The comment says "Creates and spawns an isolate that shares the same code as the current isolate."
This isn't true. What it should say (at least in the case with the VM, I have not tried AOT) is "Creates and spawns an isolate that rereads the same entrypoint as the current isolate."
If I write a Dart script that overwrites itself while running and then calls Isolate.spawn I can see it running the new version of the file I wrote, which is not the same code as the calling isolate is running.
Am I correct to assume this is a memory optimization to avoid keeping parse state that we don't need and therefore needing to reread the original file?
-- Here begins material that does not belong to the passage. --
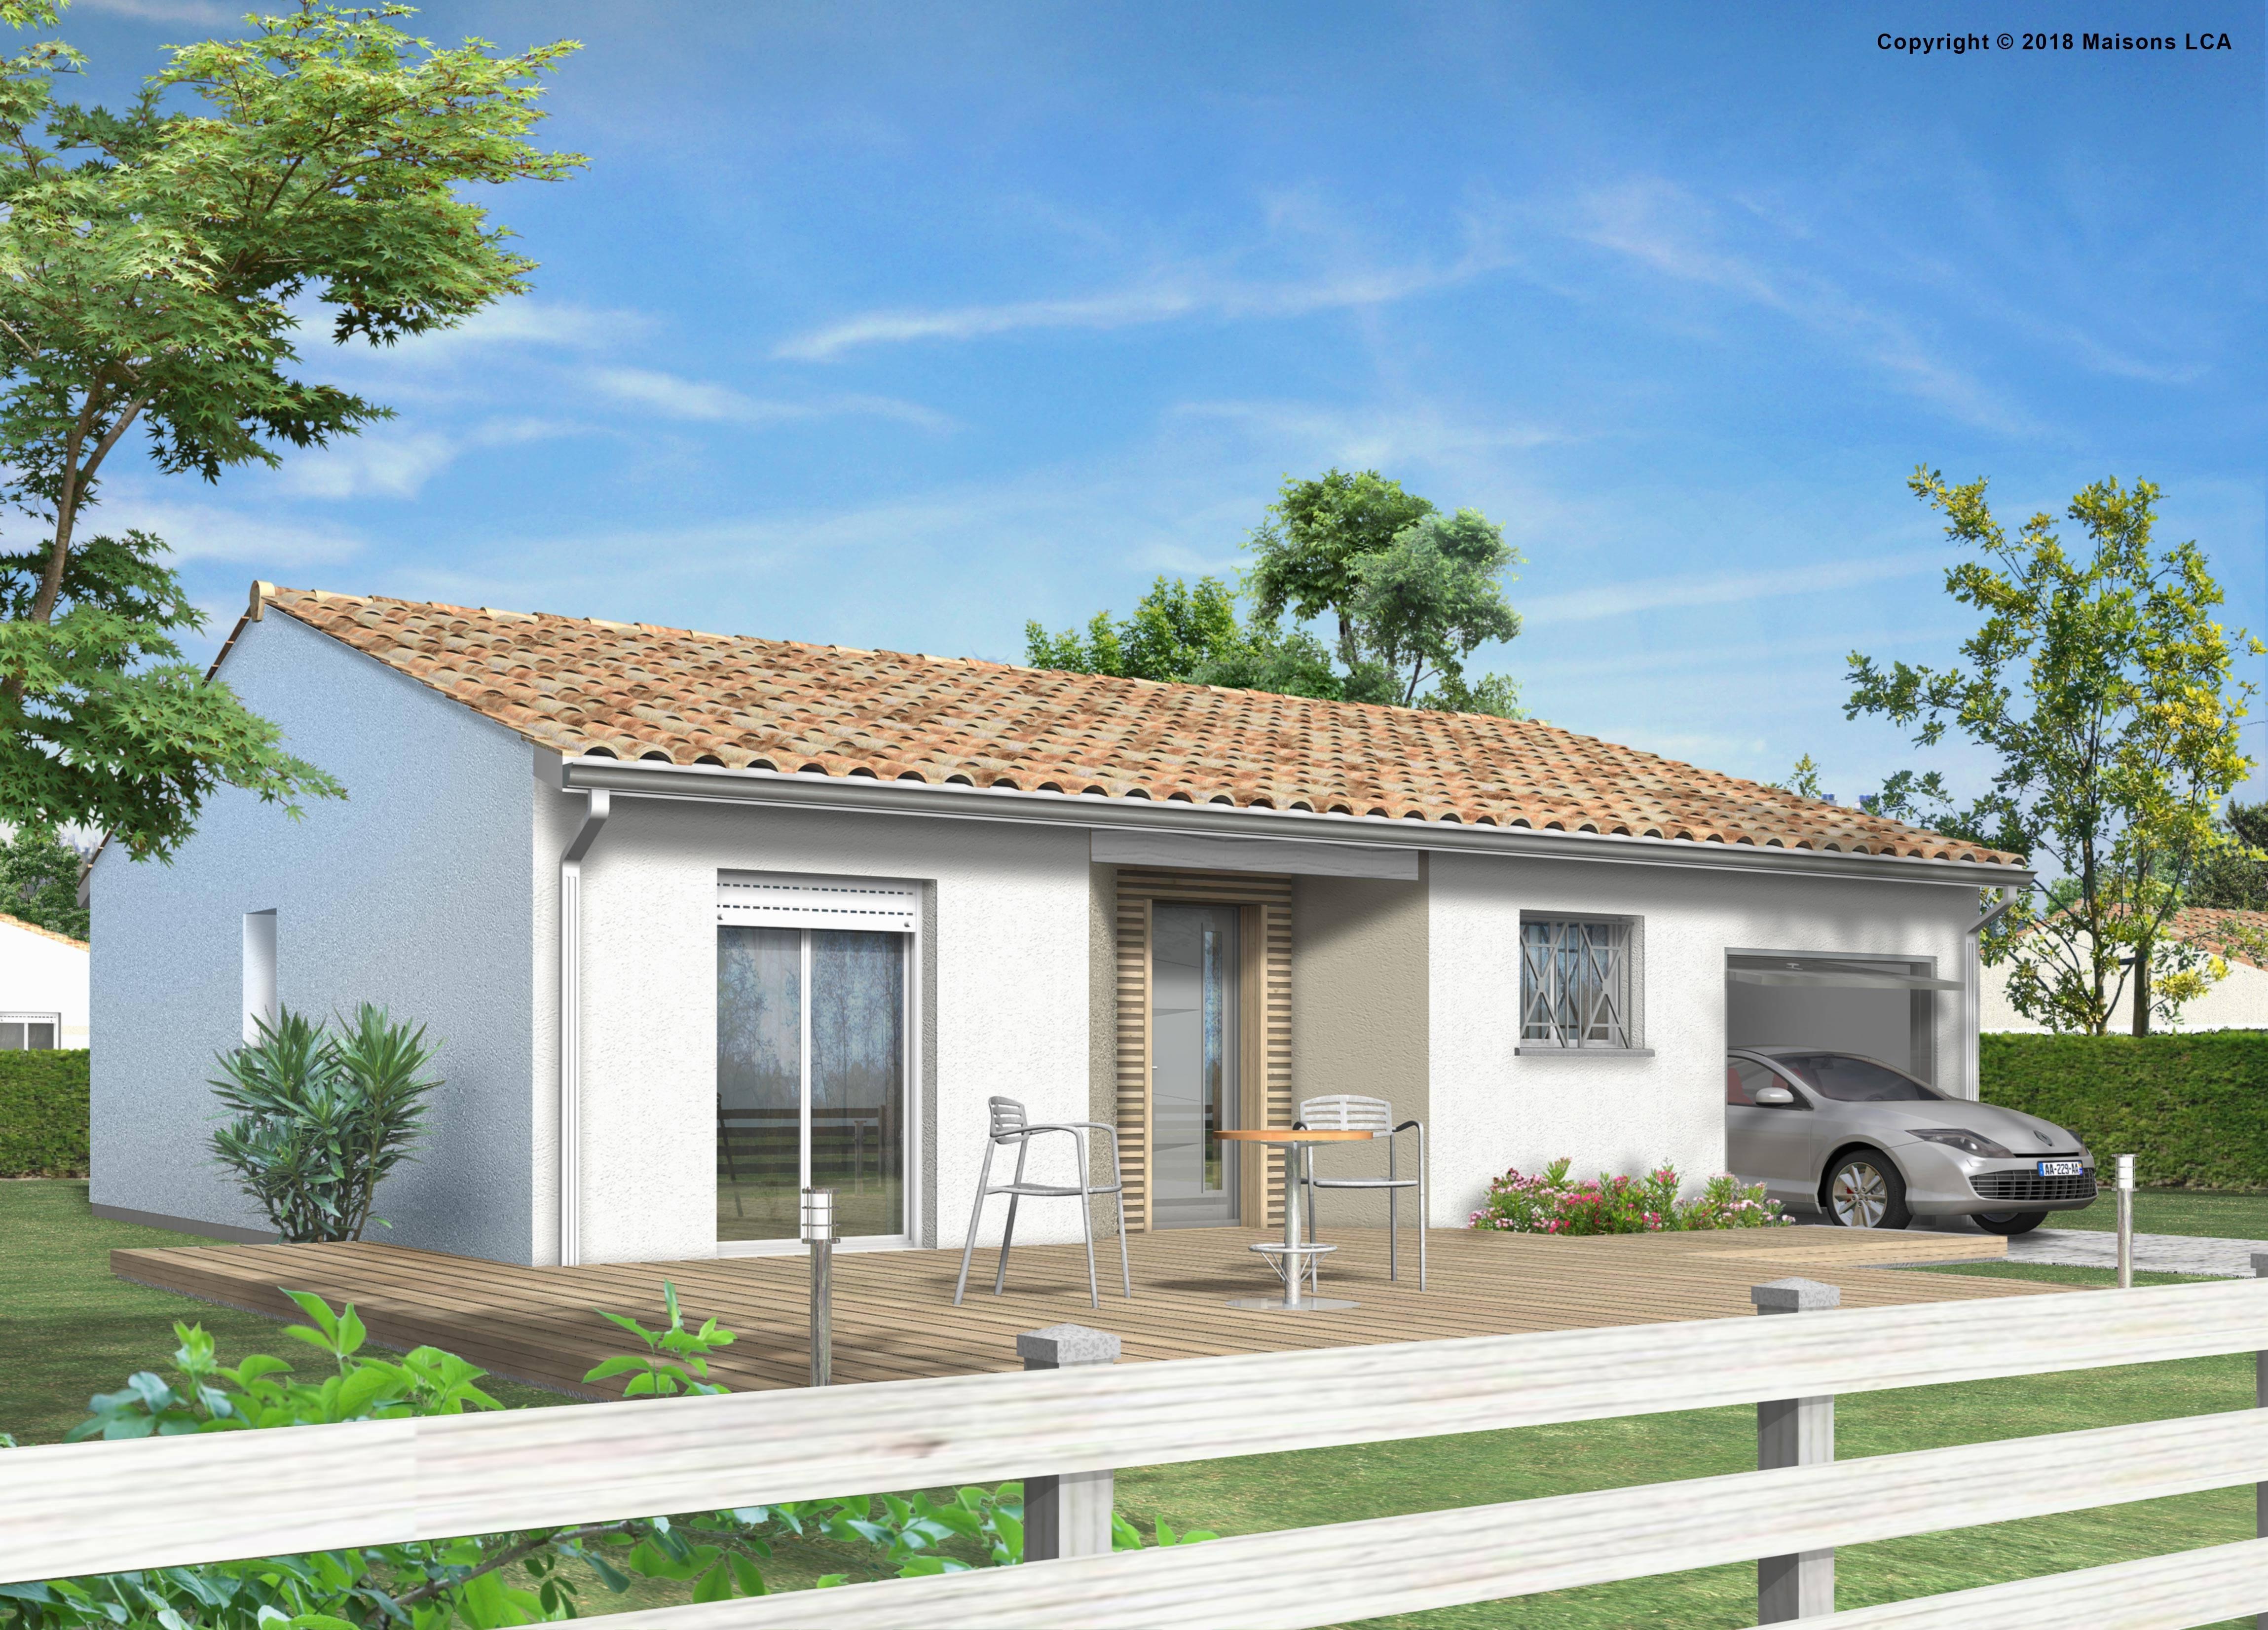 Maisons + Terrains du constructeur LCA CREON • 87 m² • LUSSAC

This does incur a heavy performance penalty when running the original script from source.
The documentation is correct, the implementation is not correct. This has been an old bug against the VM that has not been addressed (see the issues that @nex3 points to above).
"In the special circumstances when two isolates share the same code and are running in the same process (e.g. isolates created via Isolate.spawn), it is also possible to send object instances (which would be copied in the process). This is currently only supported by the dartvm. For now, the dart2js compiler only supports the restricted messages described above"
This dictates that isolates spawned using Isolate.spawn should share the same code.
@a-siva - will we have the resources to fix the implementation soon? If not, should we add a note to the doc calling out the bug on the VM? As it stands with the documentation it's very confusing.
This also came up in https://github.com/dart-lang/sdk/issues/31698
I'm working on fixing this right now.